Often, there is an inverse relationship between recall and precision. It means that it is possible to increase one at the cost of other. Generally, it is relatively easy for an IR system to achieve either high recall or high precision; however, it is challenging to achieve both. Thus, instead of discussing recall and precision in isolation, either values of one measure are compared for a fixed level at the other measure. For instance, 80% recall at a level of 75% precision.

15.2 INDEXING OF TEXT DOCUMENTS

Efficient index structure plays an important role in efficient processing of queries in an IR system. Size of the index depends on the number of terms in the document collection. Thus, documents are preprocessed to eliminate irrelevant terms such as stop words. In addition, IR system may also apply stemming, in which all related terms are reduced to the simplest and the most significant form without loss of generality. For example, the terms index, indexing, and indexed stem to the simplest term index. This step provides two advantages, firstly, it reduces the number of terms for indexing, secondly, it allows user to retrieve documents that contain variant of exact query term. Two widely used indexing techniques are inverted index and signature file index.

Inverted Index

Inverted index maps each term t to a list (called inverted list) of documents that contain the term t. The entry for a document in the inverted list also provides location within the document where t occurs. The collection of inverted lists is called postings file. Consider the Figure 15.4, which shows the inverted index of our example documents shown in Figure 15.1.

Fig. 15.4 An example of inverted index

Fig. 15.4 An example of inverted index

Since the term ‘computer’ occurs at location 1 in document A, the entry for document A in the inverted list for term ‘computer’ contains location 1. Similarly, the entry for document C for term ‘mouse’ contains location 1 and 4. Such a data structure not only enables fast retrieval of documents for a given query but also supports relevance ranking. However, inverted index file requires large amount of space.

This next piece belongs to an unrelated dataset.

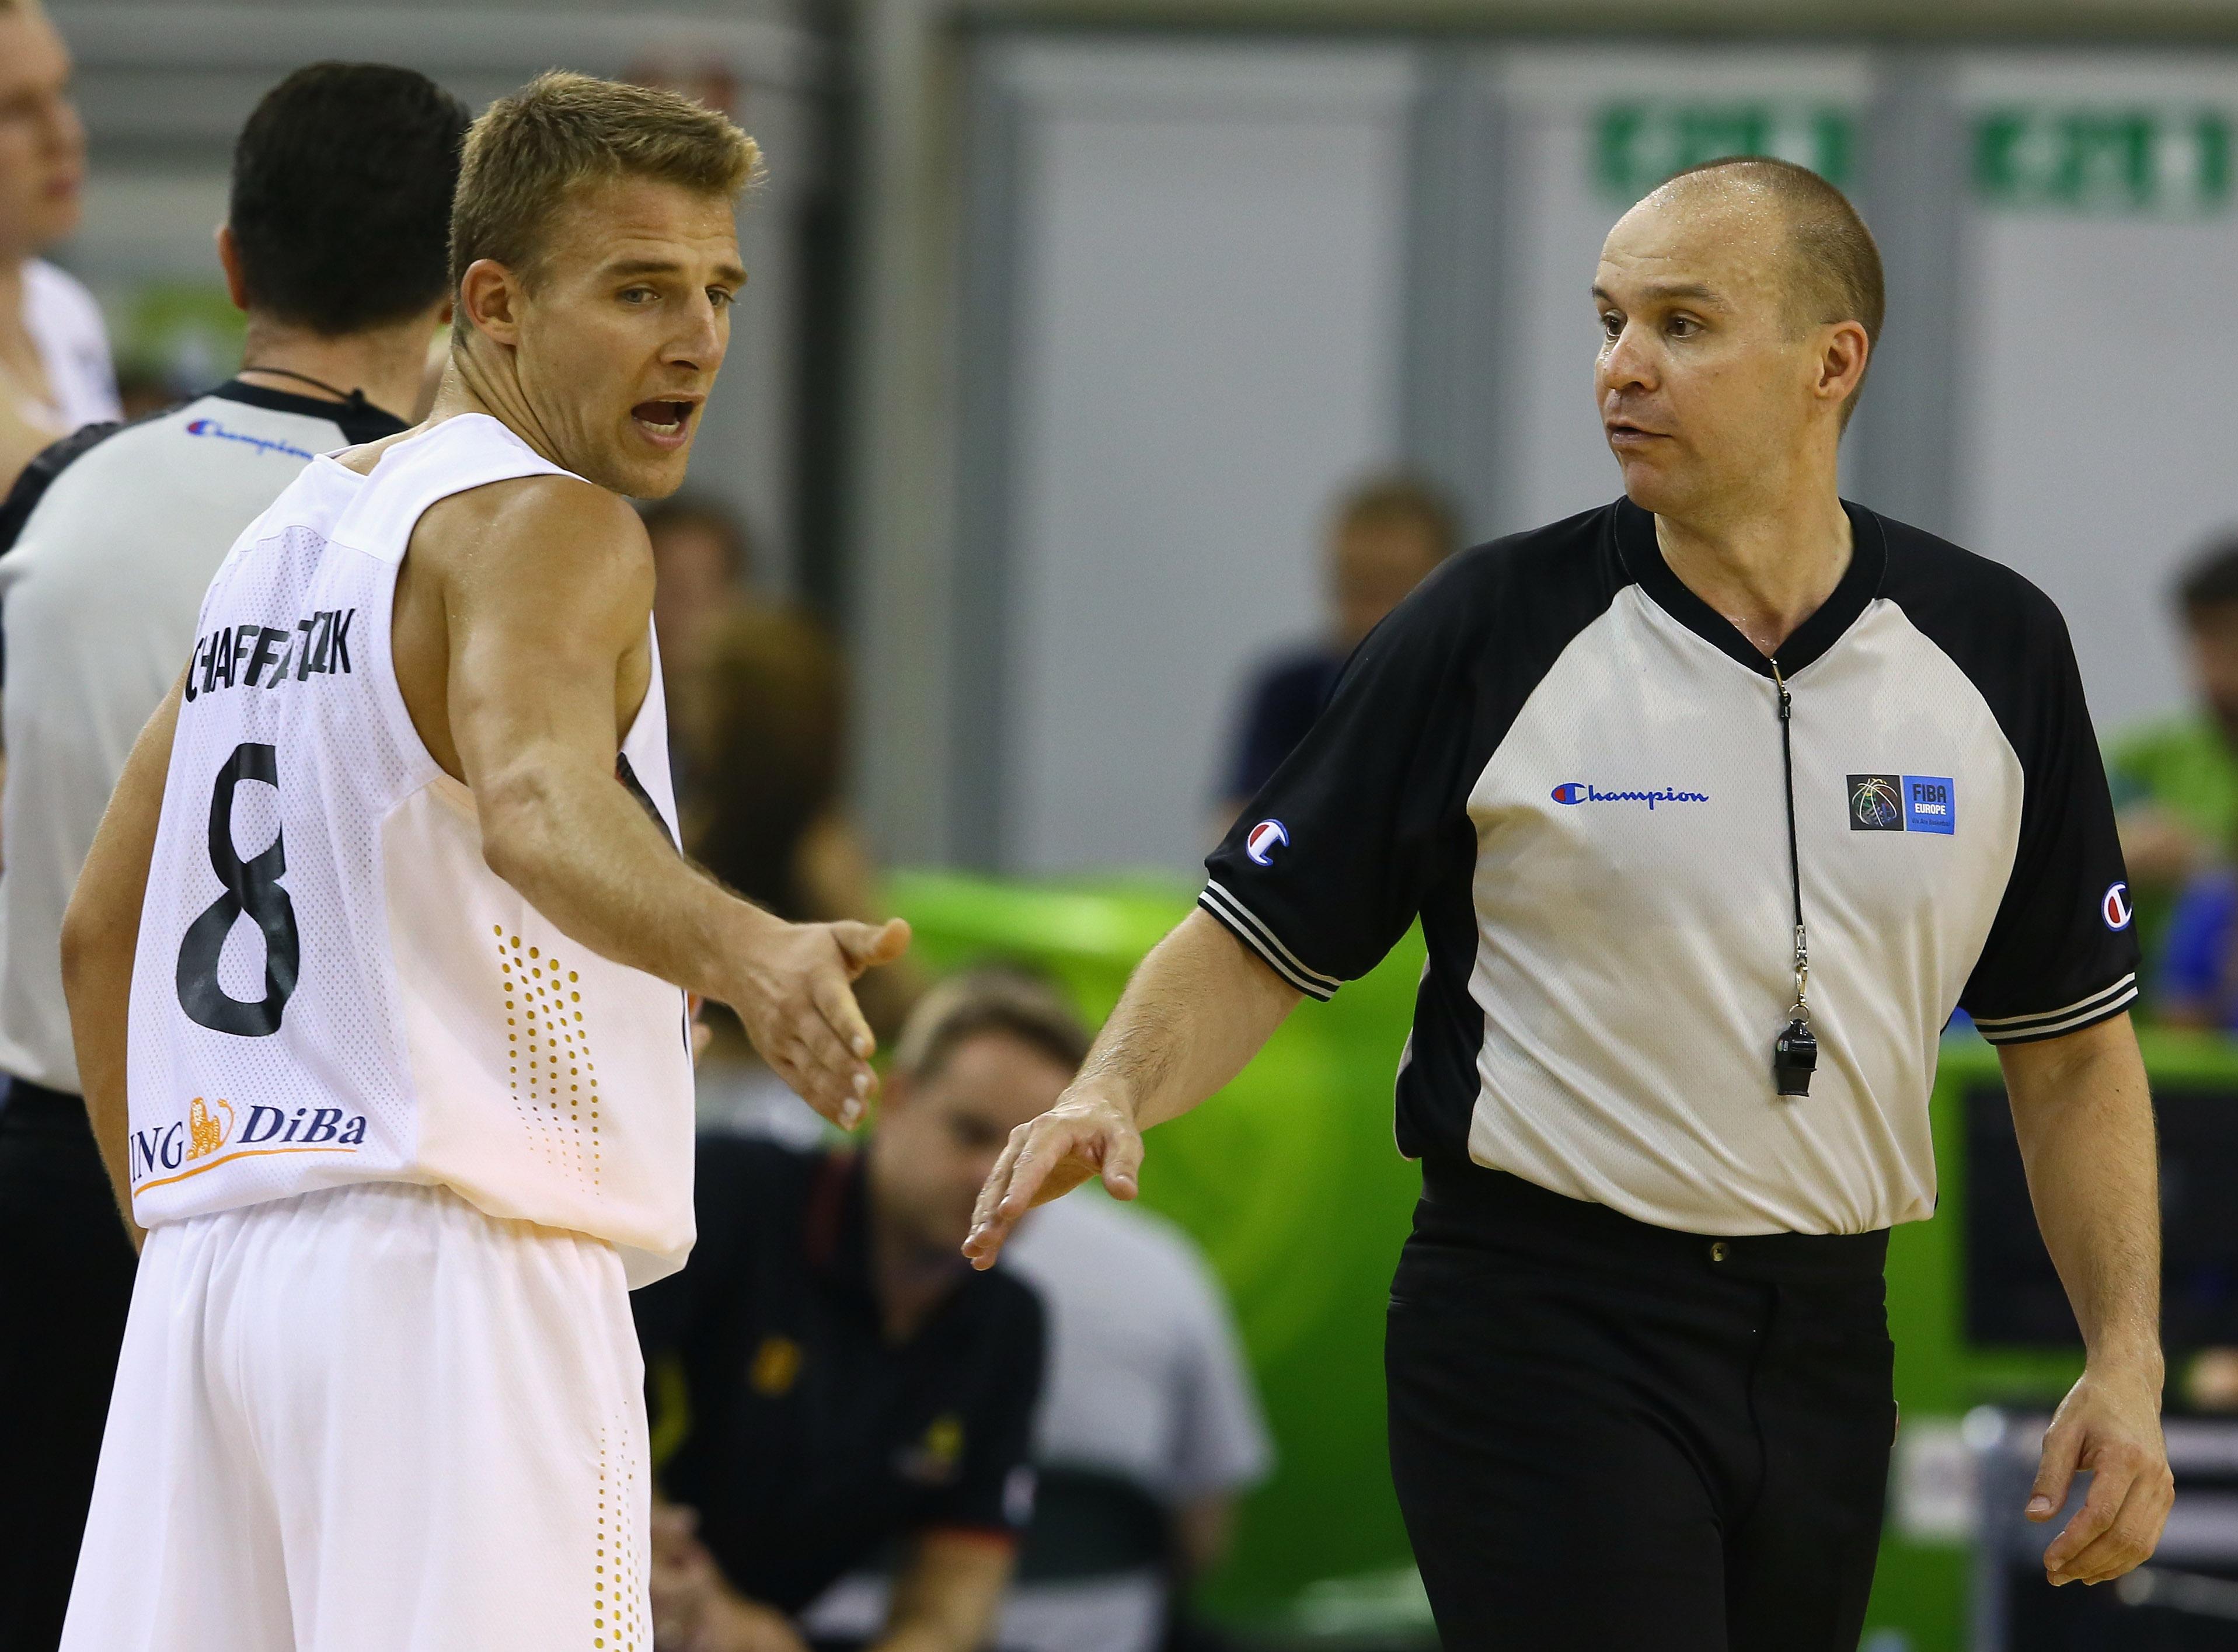 Germany v Ukraine - FIBA European Championships 2013

Sometimes the index grows up to several 100 times of the original file, which is a major disadvantage of inverted index.

An inverted list can be very large for large document collections, and thus, must be stored on disk. Mostly, a list spans multiple disk pages and is maintained as a linked list of pages. Alternatively, system might keep it in consecutive pages to minimize the I/O operations required to access the list. Further, to quickly find the inverted list for a given query keyword, a second index structure such as B+-tree or hash index is created for all the possible keywords. This index, called the lexicon, not only contains the address of inverted lists on disks, but it may also contain some additional information. For instance, in our example, each entry in the lexicon index contains address of inverted list and the number of documents in which the term occurs. Lexicon is much smaller than the postings file, and is kept in the memory. Thus, it enables quick retrieval of the inverted list for a given query term.

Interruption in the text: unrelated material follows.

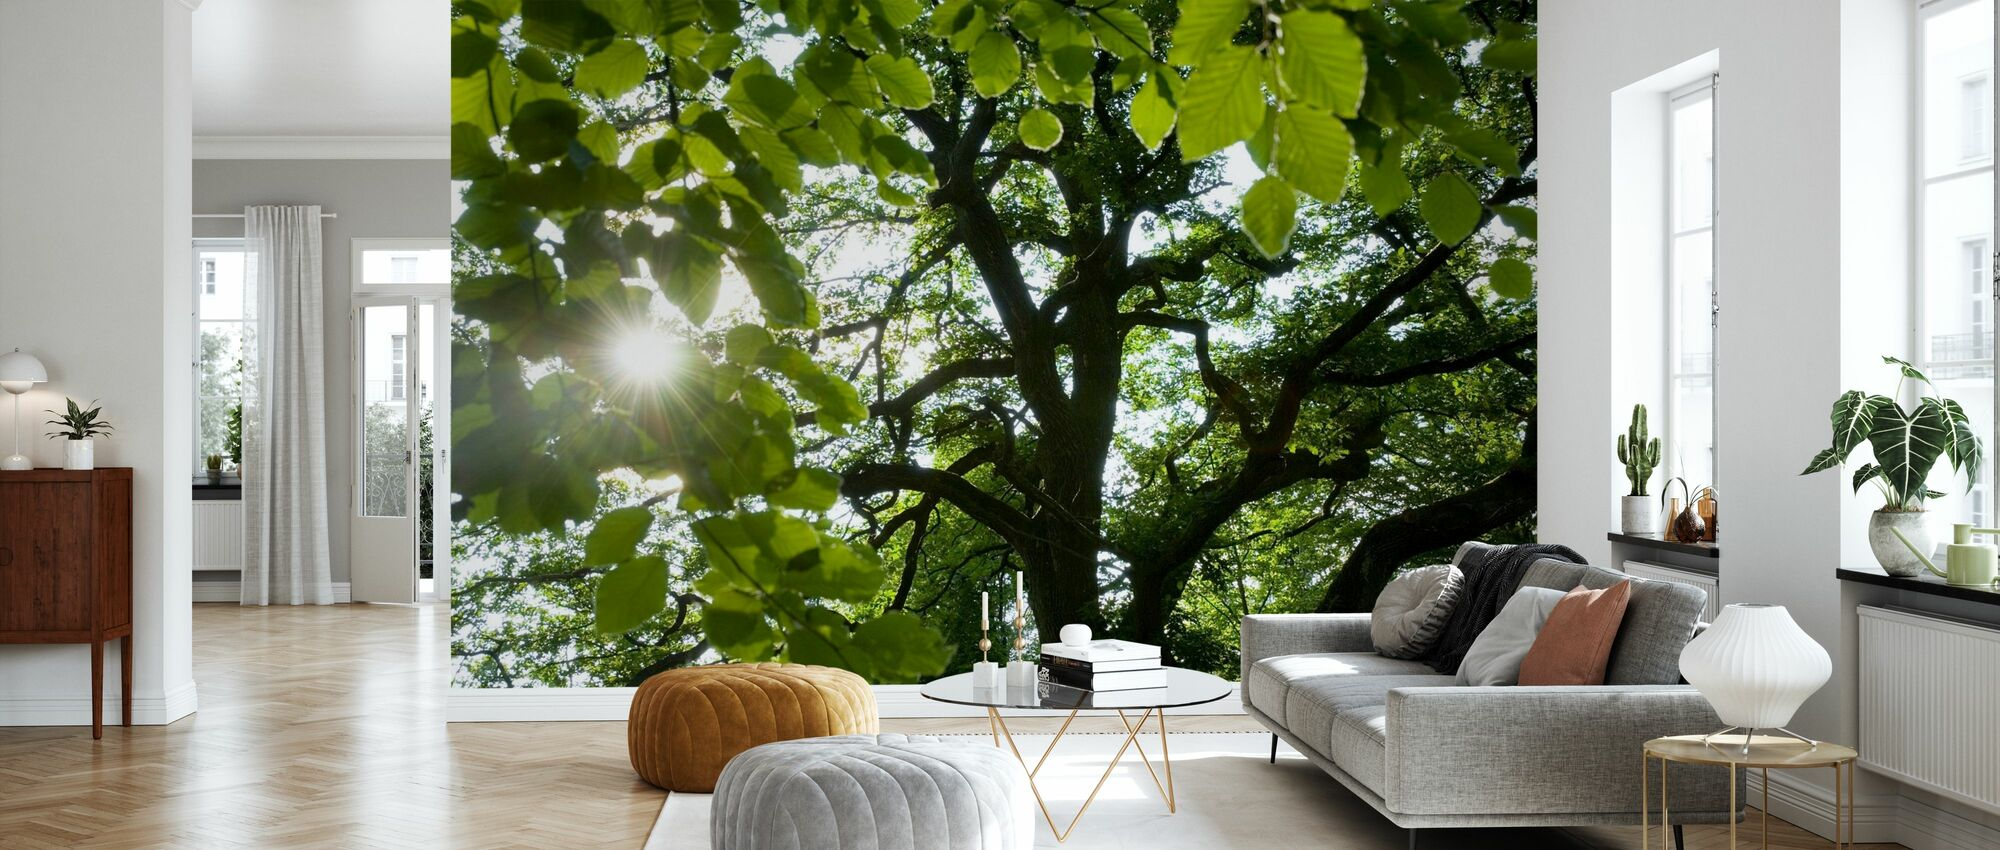 Forest Scene - Tapet - Stue

A query involving conjunction of several terms is evaluated by retrieving the inverted lists of the query terms one by one and intersecting them. On the other hand, a query involving disjunction of several terms is evaluated by computing union of relevant inverted lists.

Signature Files

Another index that can be created for text documents to support efficient retrieval is signature file. In this technique, each document is associated with an index record called signature of the document. Each signature is represented by a fixed size of bits called signature width.

 

Word Hash value
computer  
  0001
device  
CPU  
  0010
driver  
keyboard  
language 0100
mobile  
mouse  
  1000
memory 1000

Fig. 15.5 Words with hash value

 

ID Document contents Signature
A computer keyboard mouse memory mobile 1101
B keyboard language memory device driver 1111
C mouse CPU keyboard mobile mouse 1110

Fig. 15.6 An example of signature file

To calculate the signature of a document, first the hash value of each word in the document is calculated by applying a hash function. A hash function may group different words to same buckets. For instance, suppose a hash function is applied on each word in the set of documents shown in Figure 15.1, then the hash values we get for each word is shown in Figure 15.5.

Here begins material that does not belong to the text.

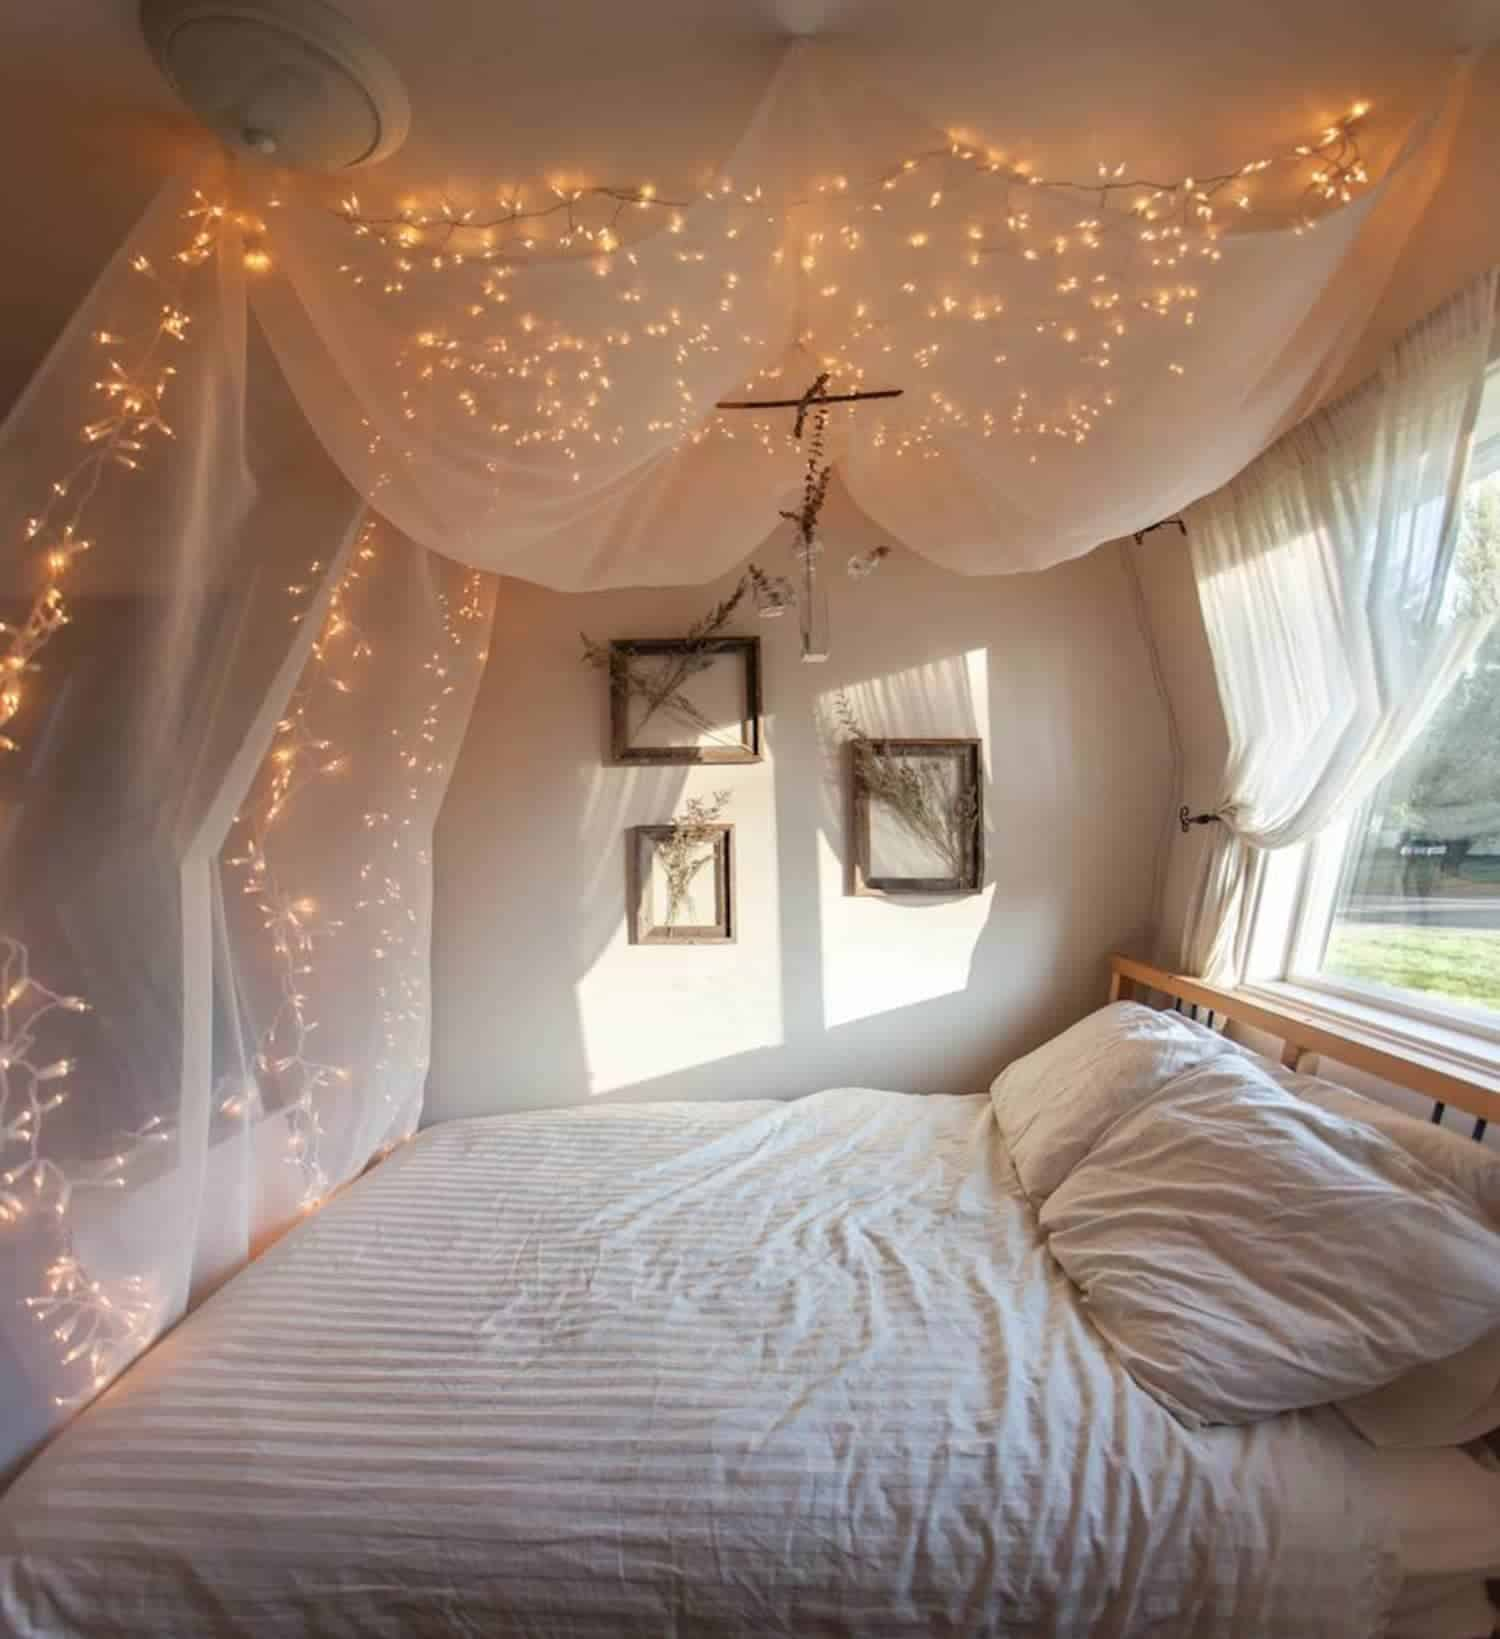 Lumières scintillantes dans la chambre

For each word in the document, we set the bits in the signature that are set in the hash value of the word. Since, hash function may map different words to the same bit, the bit could be set multiple times by different words in the signature (until we have a unique bit for each word). Two signatures are said to be same, if at least all those bits that are set in one signature are also set in another. Signature file for the set of documents is shown in Figure 15.6.

A query involving conjunction of several terms is evaluated as follows:

  1. First the query signature is generated by applying hash function to each word in the query.
  2. Signature file is scanned and all the documents whose signature matches the query signature are retrieved.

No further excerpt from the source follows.